Selain dipengaruhi oleh perkembangan fisik, kognitif, emosi, sosial dan moral yang pesat. Identitas diri juga dipengaruhi oleh berbagai faktor antara lain (Erickson, 1989):

1. Perkembangan Para Remaja

Menurut Erikson Proses identitas diri sudah berlangsung sejak anak mengembangkan kebutuhan akan rasa percaya (trust), otonomi diri (autonomy), rasa mampu berinisiatif (initiative), dan rasa mampu menghasilkan sesuatu (industry). Keempat komponen ini memberikan kontribusi kepada pembentukan identitas diri.

2. Pengaruh Keluarga

Keluarga yang mempunyai pola asuh yang berbeda akan mempengaruhi proses pembentukan identitas diri remaja secara berbeda pula. Contohnya, keluarga yang menerapkan pola asuh otoriter yang mana orang tua mengontrol setiap perilaku anaknya tanpa memberikan mereka kesempatan untuk mengekspresikan opini dan perasaannya akan mengembangkan identitas diri yang mengarah pada bentuk foreclosure. Sebaliknya orang tua yang permissive, hanya menyediakan sedikit pengarahan kepada anaknya, akan mengembangkan identitas diri yang mengarah pada bentuk diffuse (Santrock,1998).
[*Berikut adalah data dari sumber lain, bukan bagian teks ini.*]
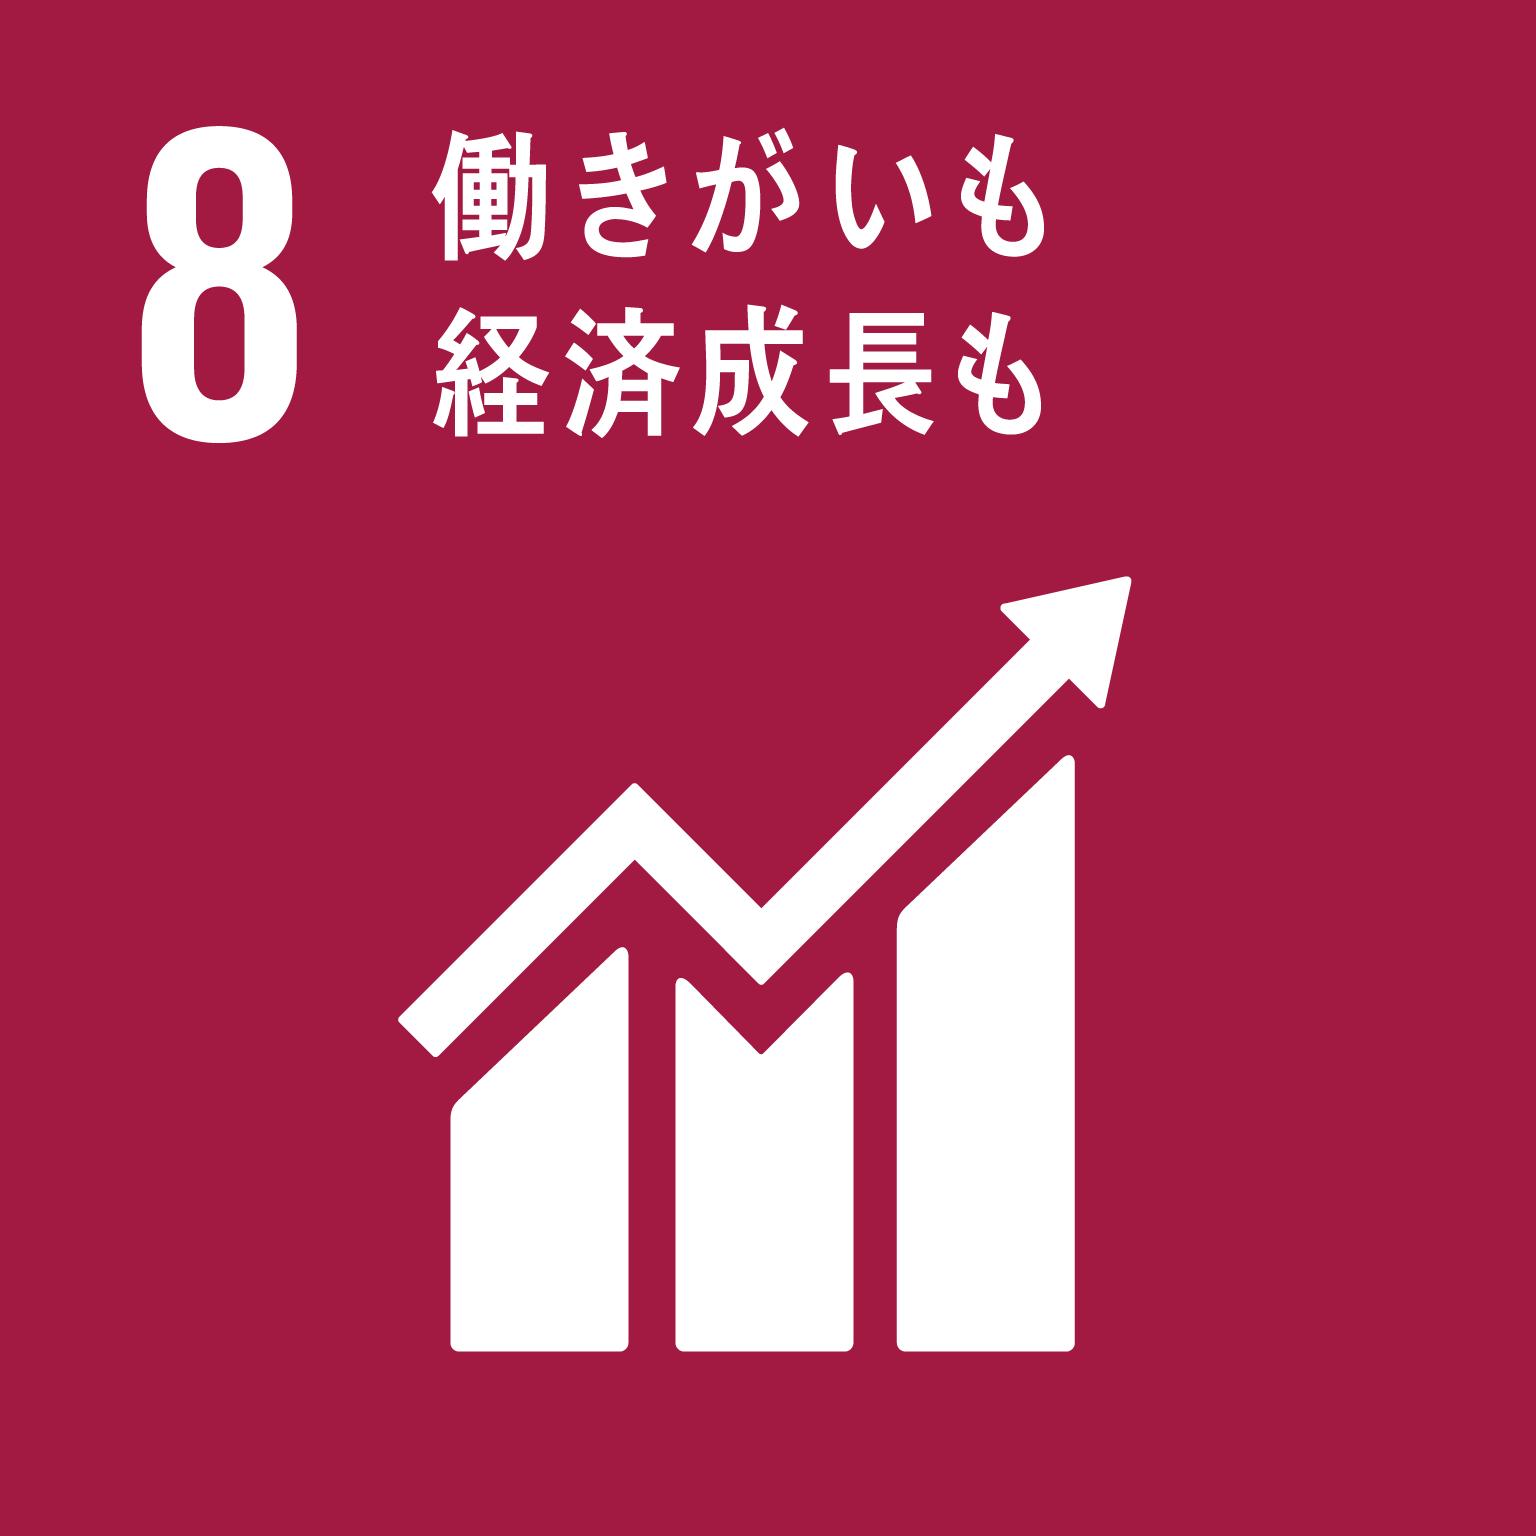 SDGs 働きがいも経済成長も

Selain itu, menurut stuart, dkk orang tua yang mengembangkan sikap enabling (menerangkan, menerima, empati) akan lebih membantu remaja dalam proses pembentukan identitas dirinya dibandingkan orang tua yang mengembangkan sikap constraining (selalu menilai dan dievaluasi).
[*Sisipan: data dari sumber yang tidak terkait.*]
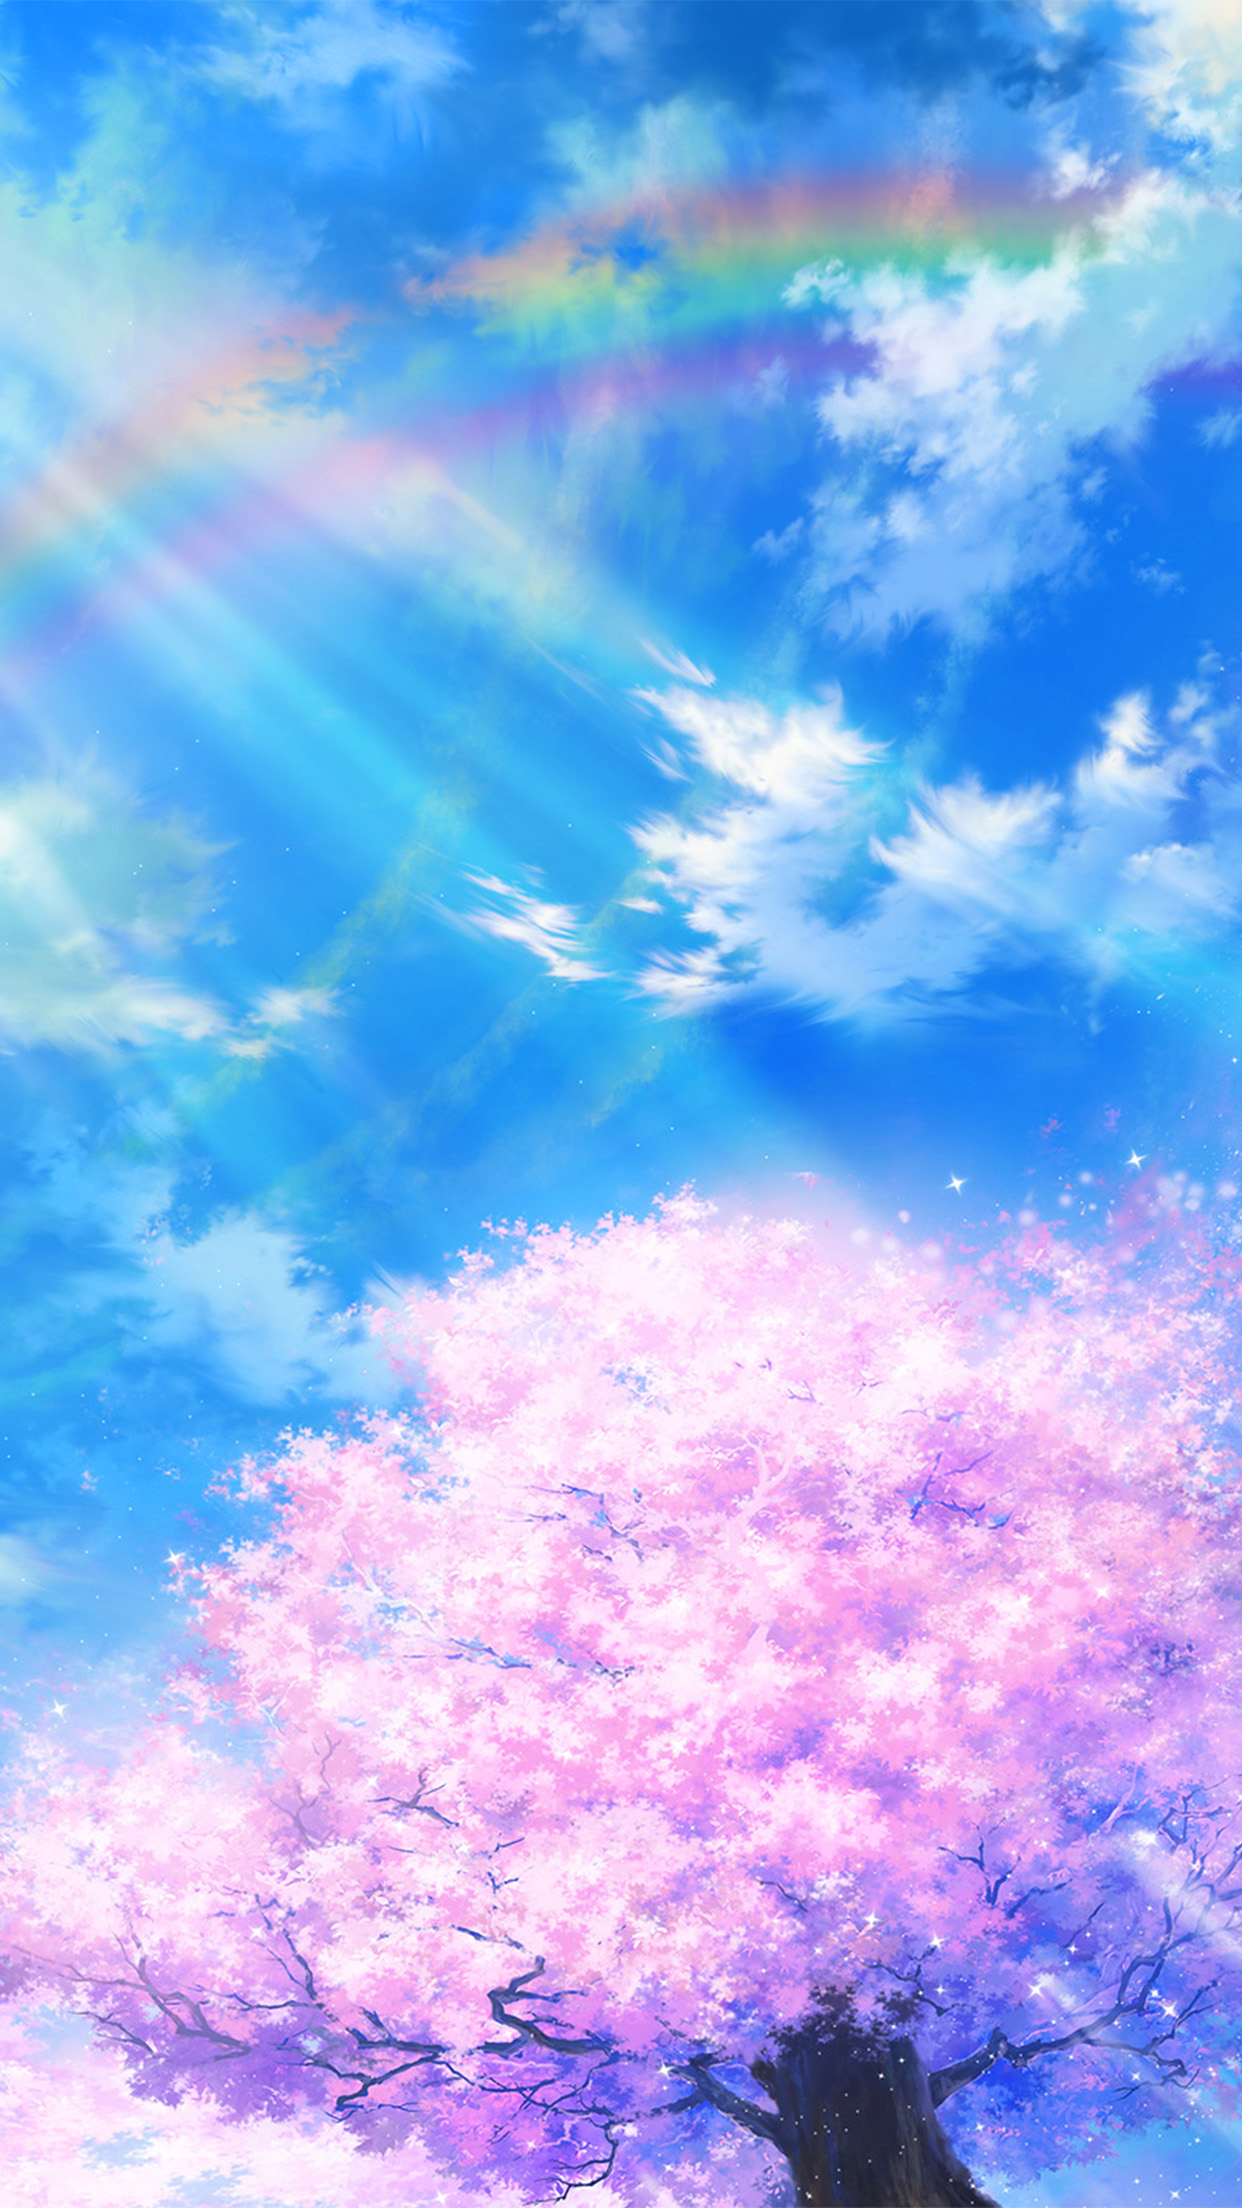 bd75-anime-sky-cloud-spring-art-illustration-wallpaper

3. Pengaruh Individuasi dan Connectedness

Atmosfir hubungan keluarga akan membantu pembentukan identitas diri remaja dengan cara merangsang individualitas dan ketertarikan satu sama lain (connectedness). Individualitas menyangkut kemampuan individu dalam mengemukakan pendapatnya, perasaan bahwa dirinya berbeda dengan orang lain atau anggota keluarga yang lain.

Sedangkan connectedness berkaitan dengan kebersamaan, sensitivitas, keterbukaan terhadap kritik dan aspek terhadap pendapat orang lain. Jadi keluarga yang dapat memberikan kesempatan remaja untuk mengemukakan pendapatnya dan memberikan tempat aman bagi mereka untuk mengeksplorasi lingkungan sosial yang lebih luas. Walaupun demikian, kedua komponen tersebut tidak selalu tinggi. Bila faktor individuasi lemah sedangkan faktor connectedness tinggi, maka individu akan mengembangkan identitas diri yang mengarah pada bentuk foreclosure. Sebaliknya, jika kedua faktor tersebut lemah, maka individu akan mengembangkan identitas diri yang mengarah pada bentuk diffuse.

Selain faktor-faktor di atas, masih ada beberapa faktor yang turut mempengaruhi pembentukan identitas diri, antara lain: banyaknya model atau contoh, adanya permasalahan pribadi, toleransi lingkungan terhadap apa yang mereka lakukan serta umpan balik yang realistis mengenai diri mereka dari lingkungan tempat mereka berada.